AntoniaJames November 17, 2010
I find the skin to be almost impossible, which cooking until soft, then running it through the food mill method works. Also, the cooking time of a quince is about six times what it takes to cook a pear or an apple, so making the sauce is the best way to get the flavor into the dessert. I hope you try this!! ;o)

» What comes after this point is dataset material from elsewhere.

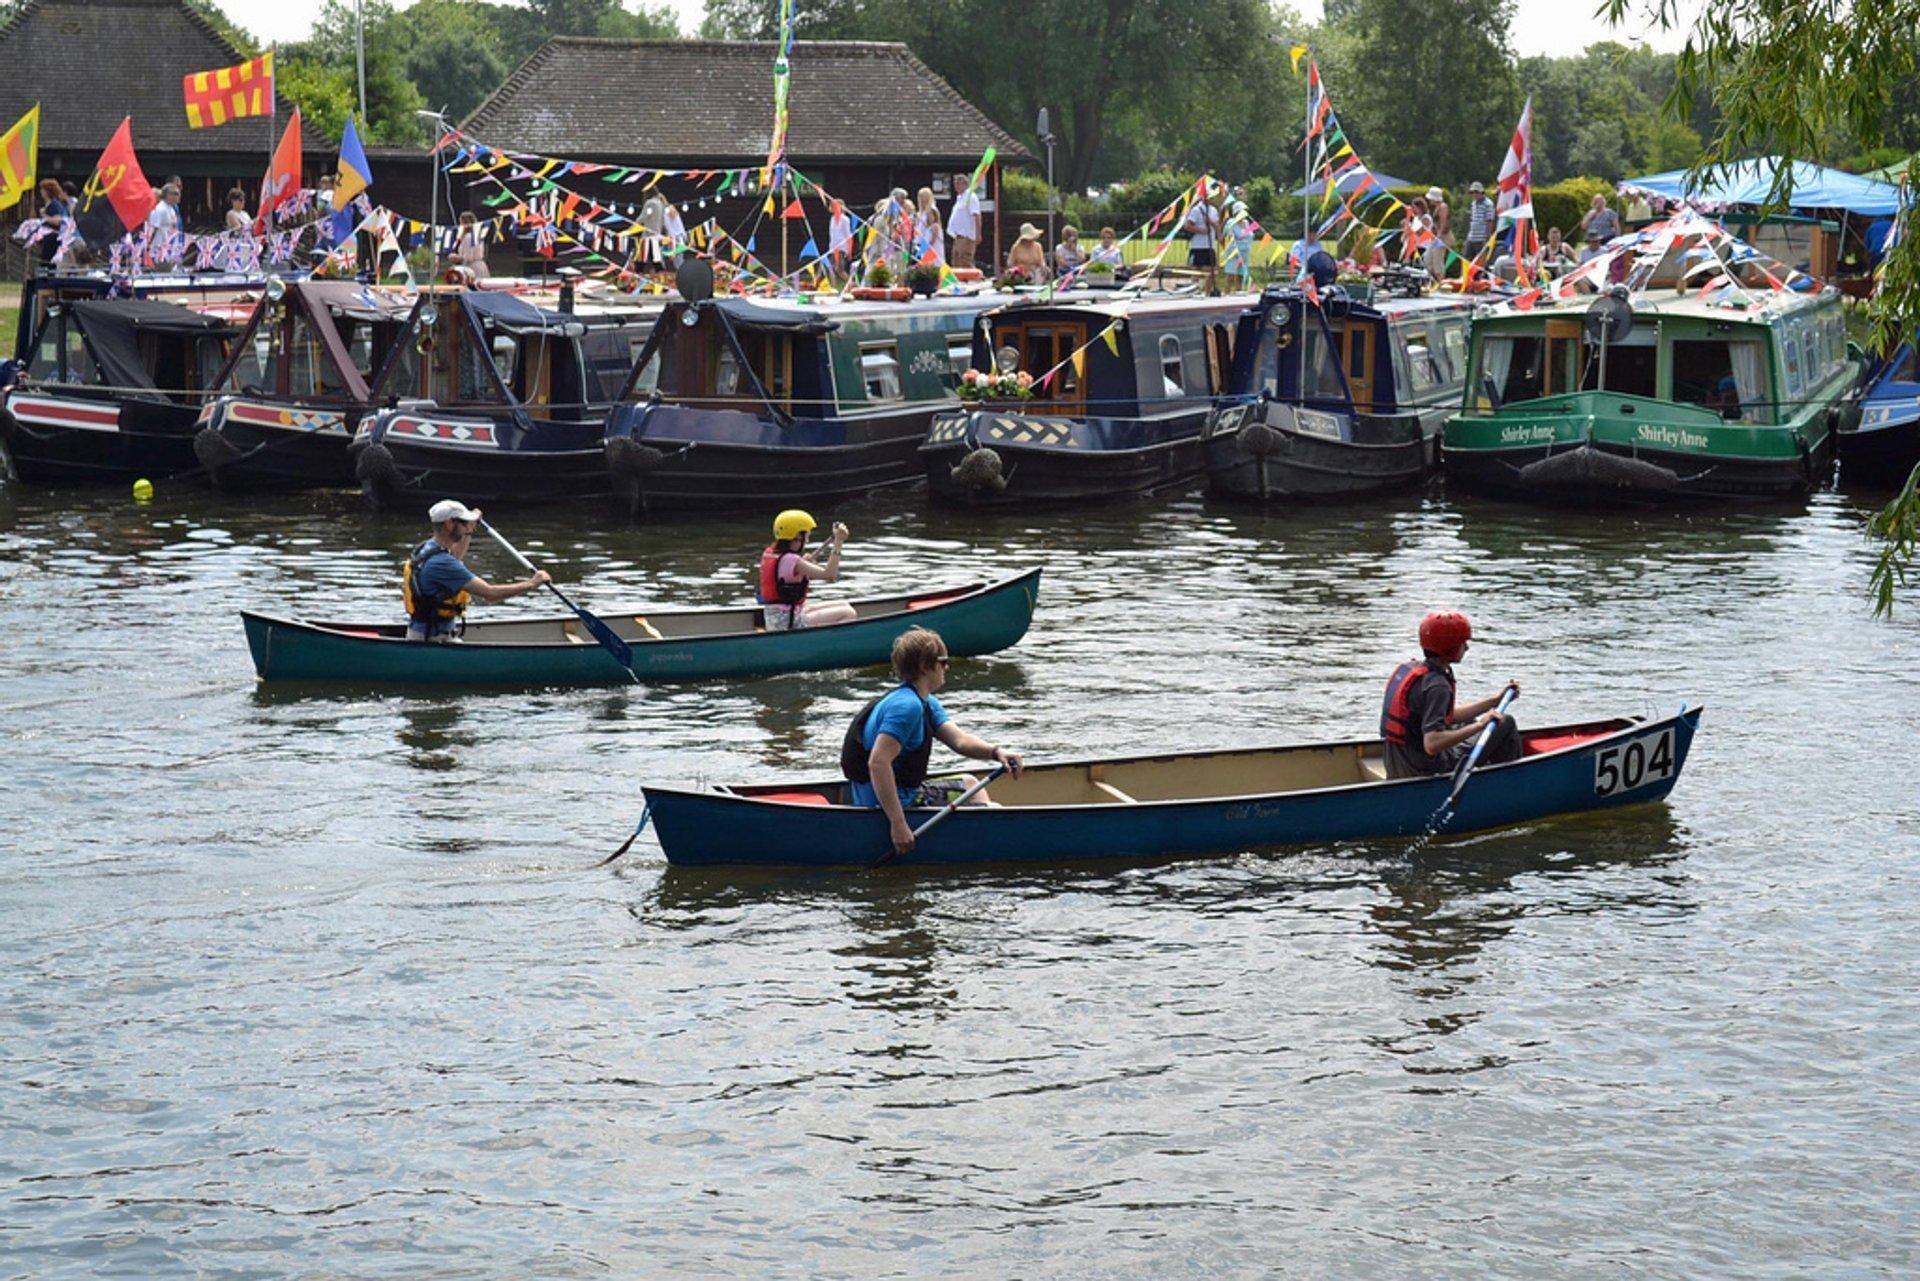 Stratford River Festival  in England - Best Season 2019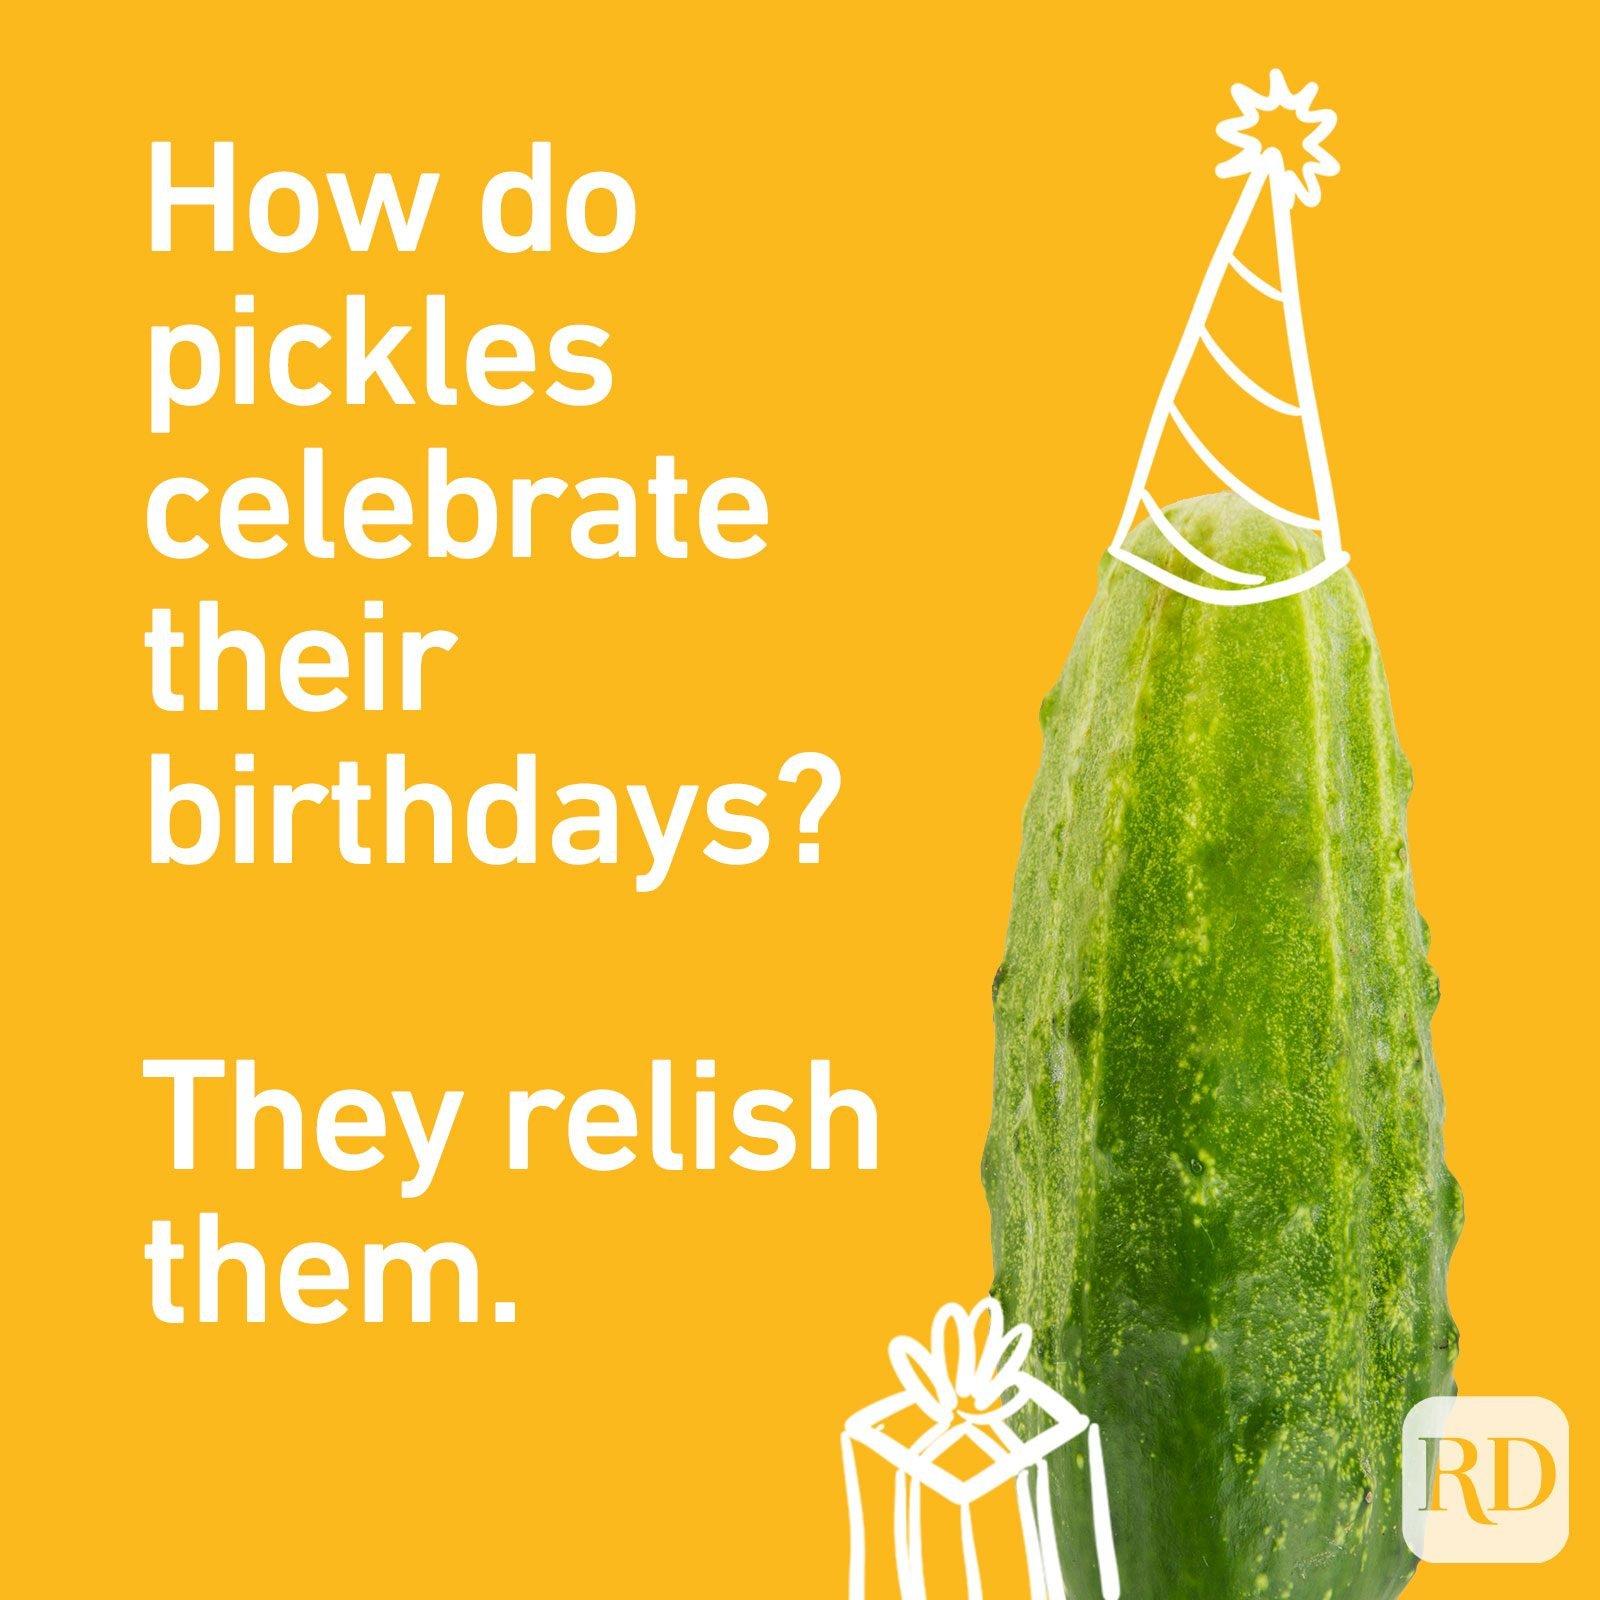 How do pickles celebrate their birthdays? They relish them.

TheWimpyVegetarian November 17, 2010
I definitely will!
SallyCan November 12, 2010
Frozen quince~ I believe I saw it in one of the various markets around here~a Goya product, maybe...I'll check when I'm out this afternoon :)
Oui, C. November 12, 2010
This sounds absolutely perfect. I don't think I've ever seen quince sauce before, but can find quince paste in the better cheese shops around here. Have you ever worked with the paste to create a sauce? This one definitely goes onto my to-do list. - S
AntoniaJames November 12, 2010
Thank you, Oui, Chef! Quince paste is made from quince sauce . . . it's just cooked down quite a bit, but also has a lot of sugar added to it. It's gelled a lot, too, and often has some spices in it. You might be able to get it to work. I'd warm it very gently and see what you get, then thin it out to the right consistency. I'd save a piece of the paste though, to put on a slice of Manchego. The two were made for each other. ;o)
SallyCan November 12, 2010
Rum raisins, brown butter, brown sugar, cardamom, ginger, pears and quince ---plus bread! - what a perfect "comfort food"...especially if serving suggestion ( #16) is followed ;) Have you ever tried using frozen quince?
AntoniaJames November 12, 2010
Sally, I've never seen frozen quince, but would be most interested! I had no idea anyone froze it. Where do you get it? (I must confess that I almost never buy anything frozen, so there are probably all kinds of wonderful things in the freezer cases of grocery stores that I've never seen or heard about.) Do tell! ;o)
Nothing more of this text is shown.